+++ DATA PROVIDED +++

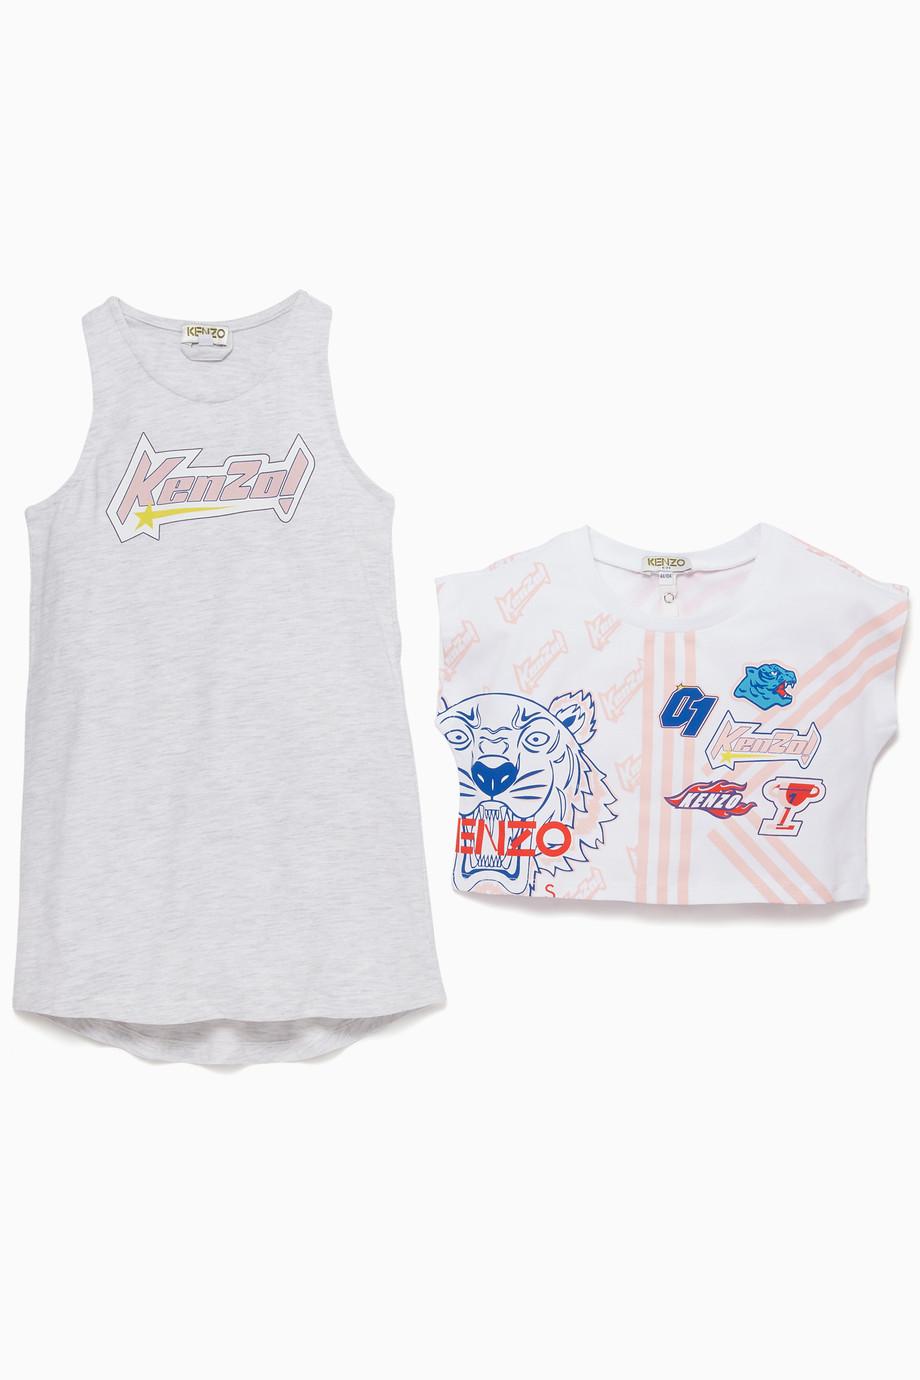 61b49be0 Shop Kenzo Grey Printed T-Shirt Dress Set for Kids | Ounass
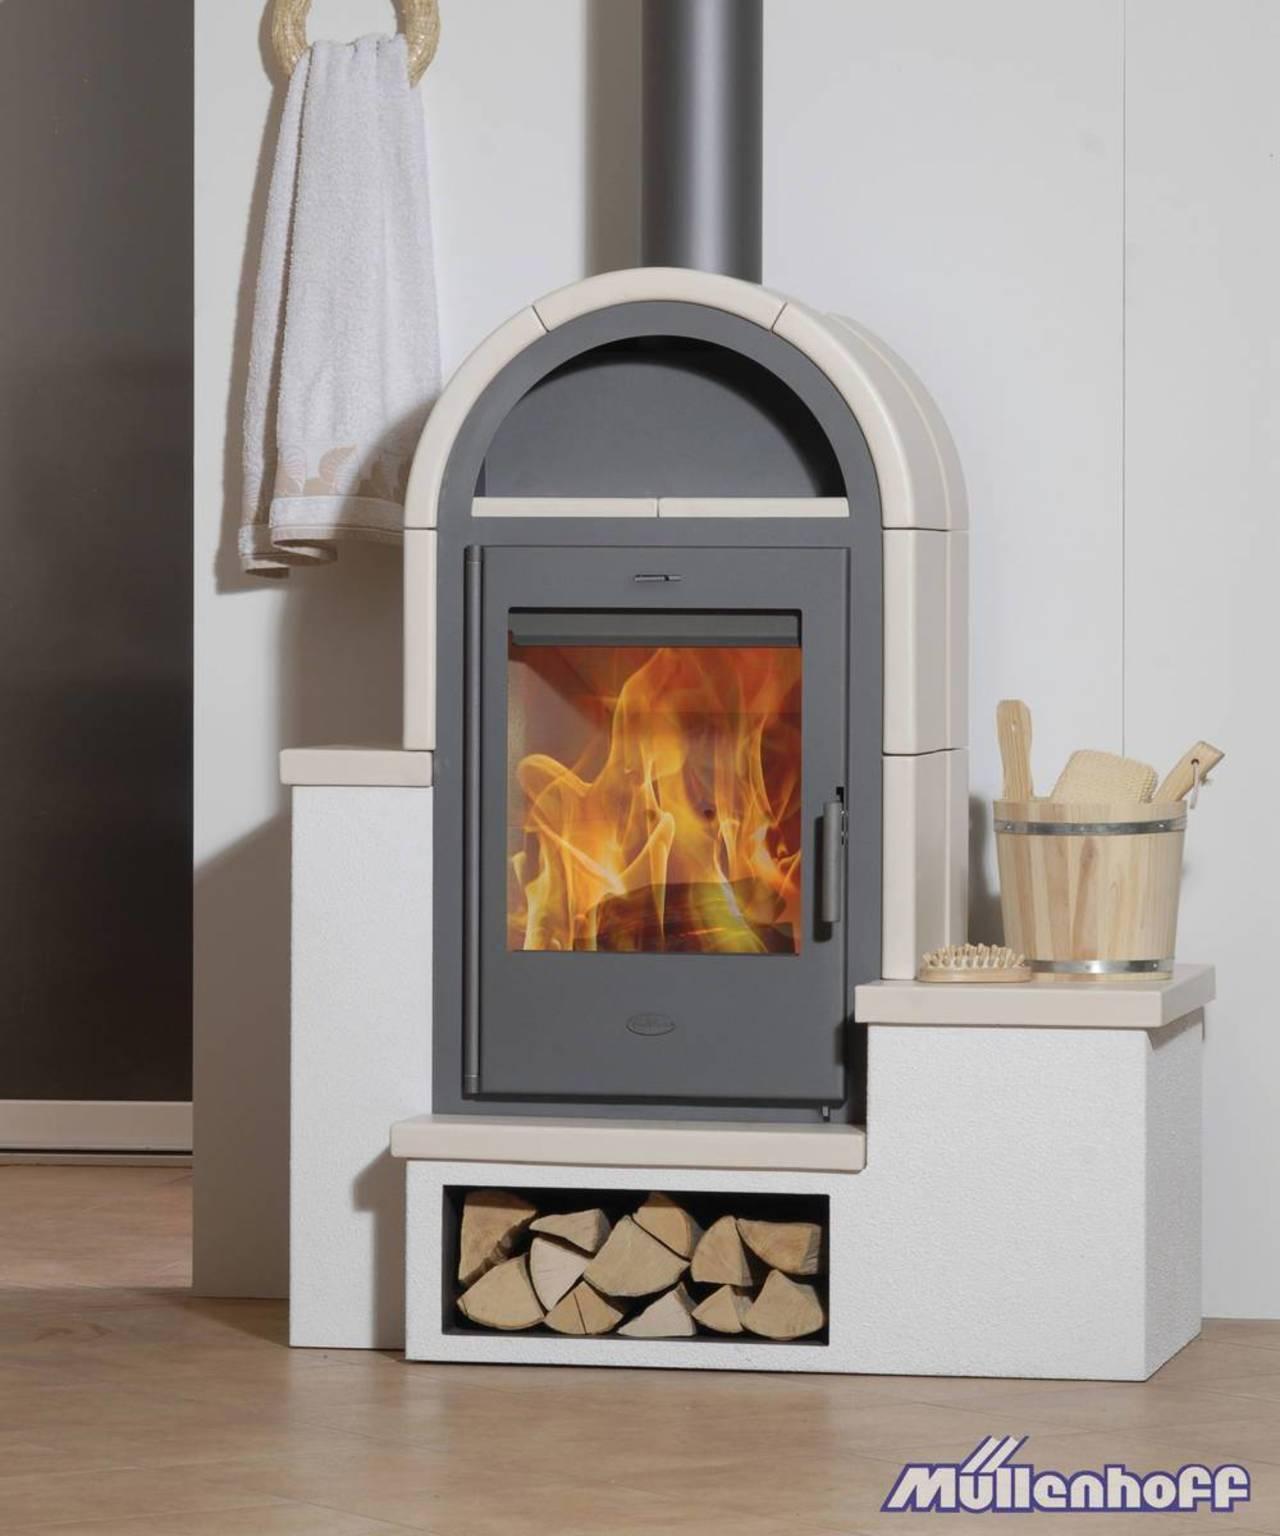 fireplace kaminofen serena mit kacheln beige sitzbank 7 kw kamin ofen holz ebay. Black Bedroom Furniture Sets. Home Design Ideas
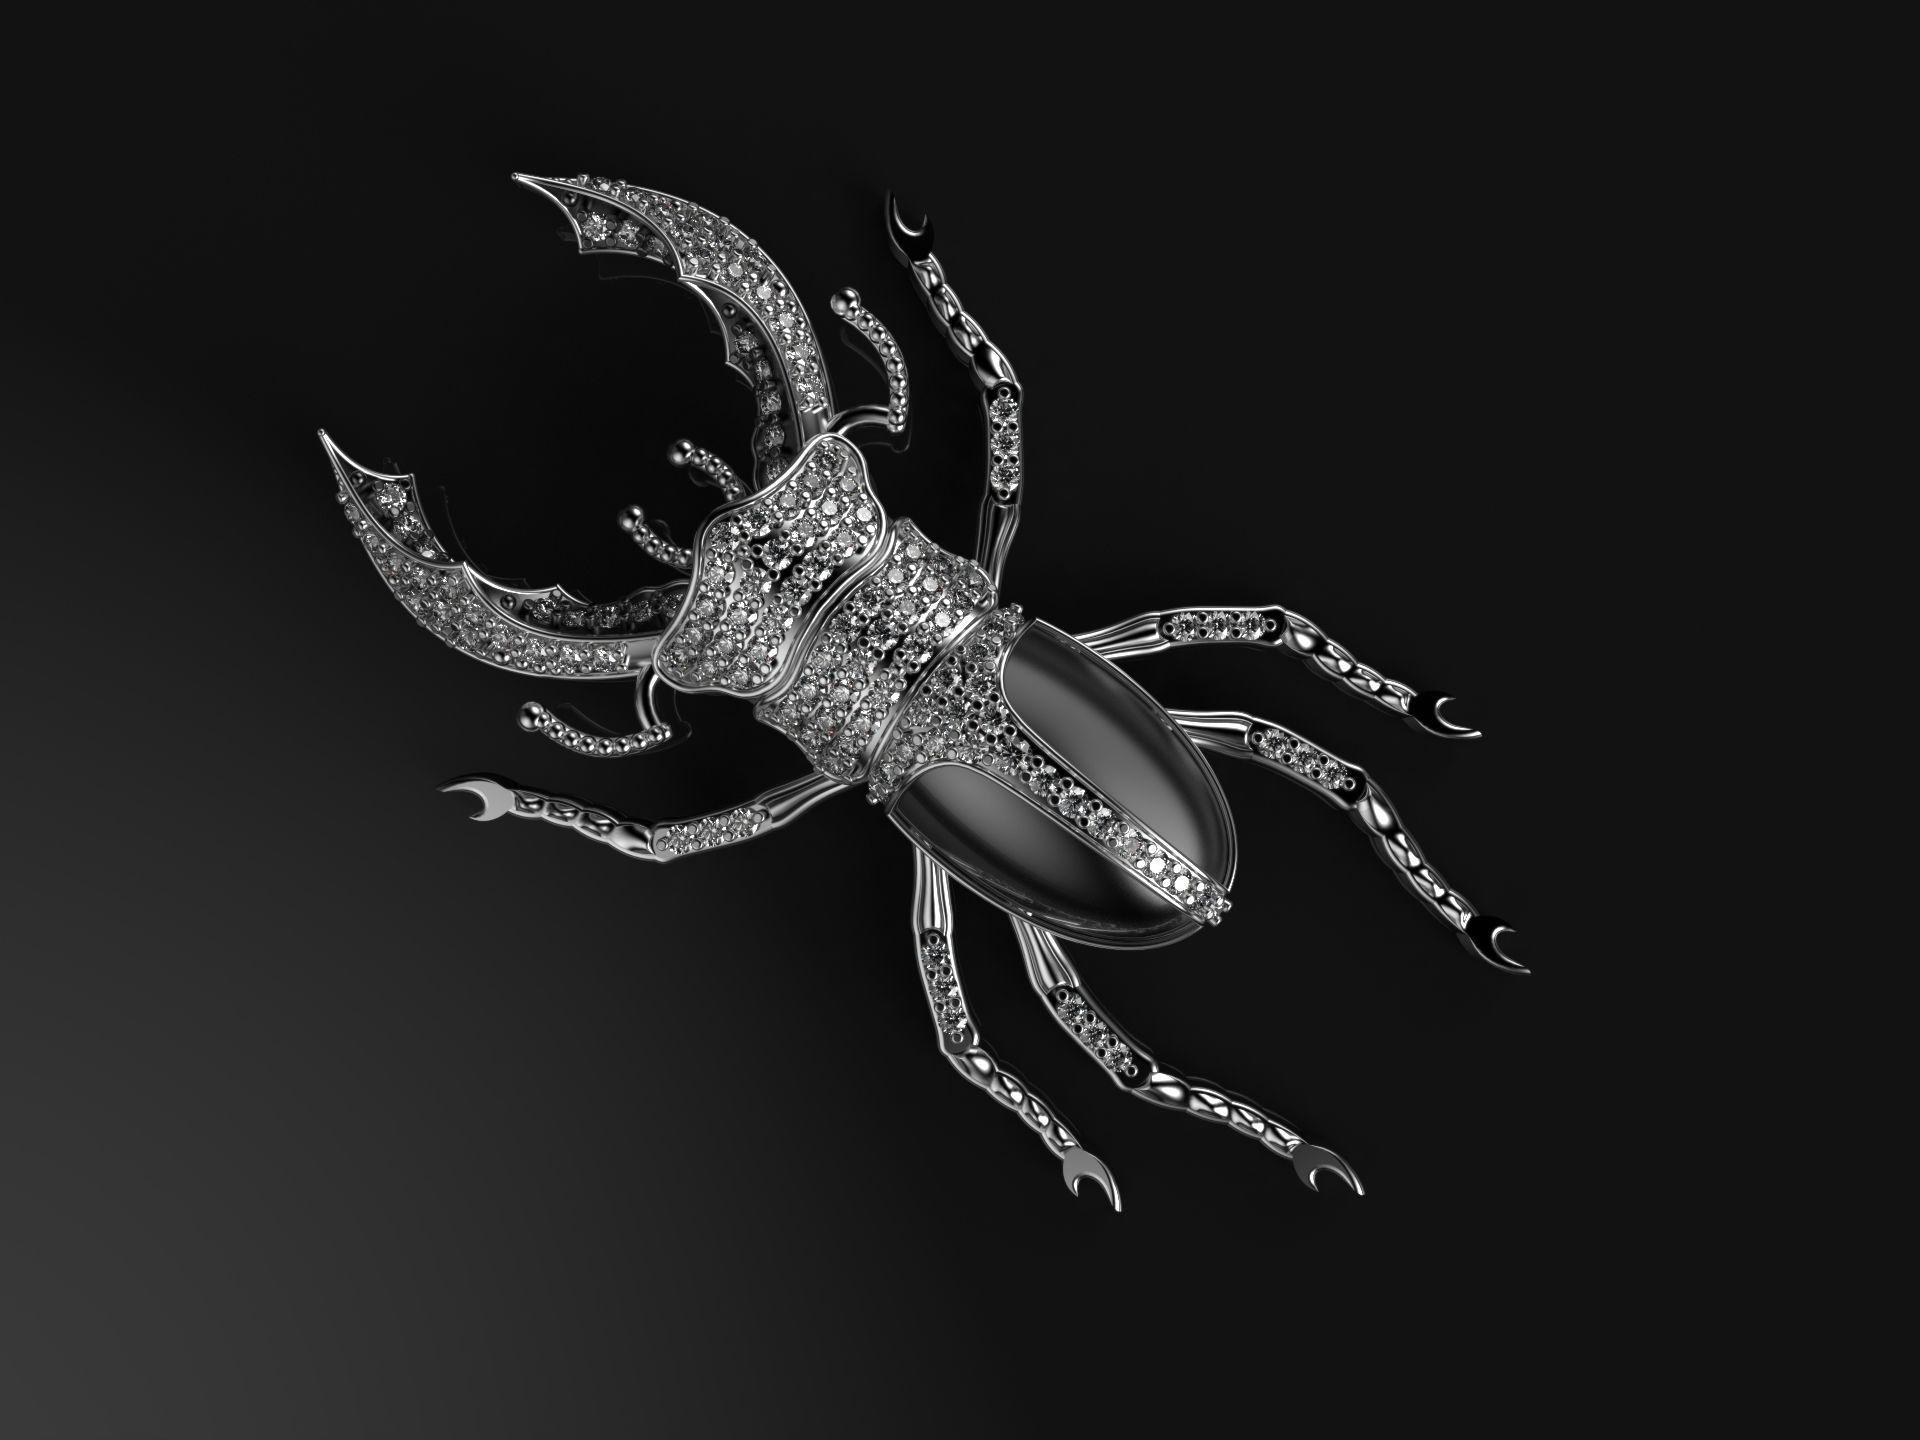 Beetle brooch with enamel

+++

**WORK ORDER:** The reply has to reproduce every line above verbatim and contain no pictures.

**RESPONSE BELOW:**
 61b49be0 Shop Kenzo Grey Printed T-Shirt Dress Set for Kids | Ounass
 fireplace kaminofen serena mit kacheln beige sitzbank 7 kw kamin ofen holz ebay. Black Bedroom Furniture Sets. Home Design Ideas
 Beetle brooch with enamel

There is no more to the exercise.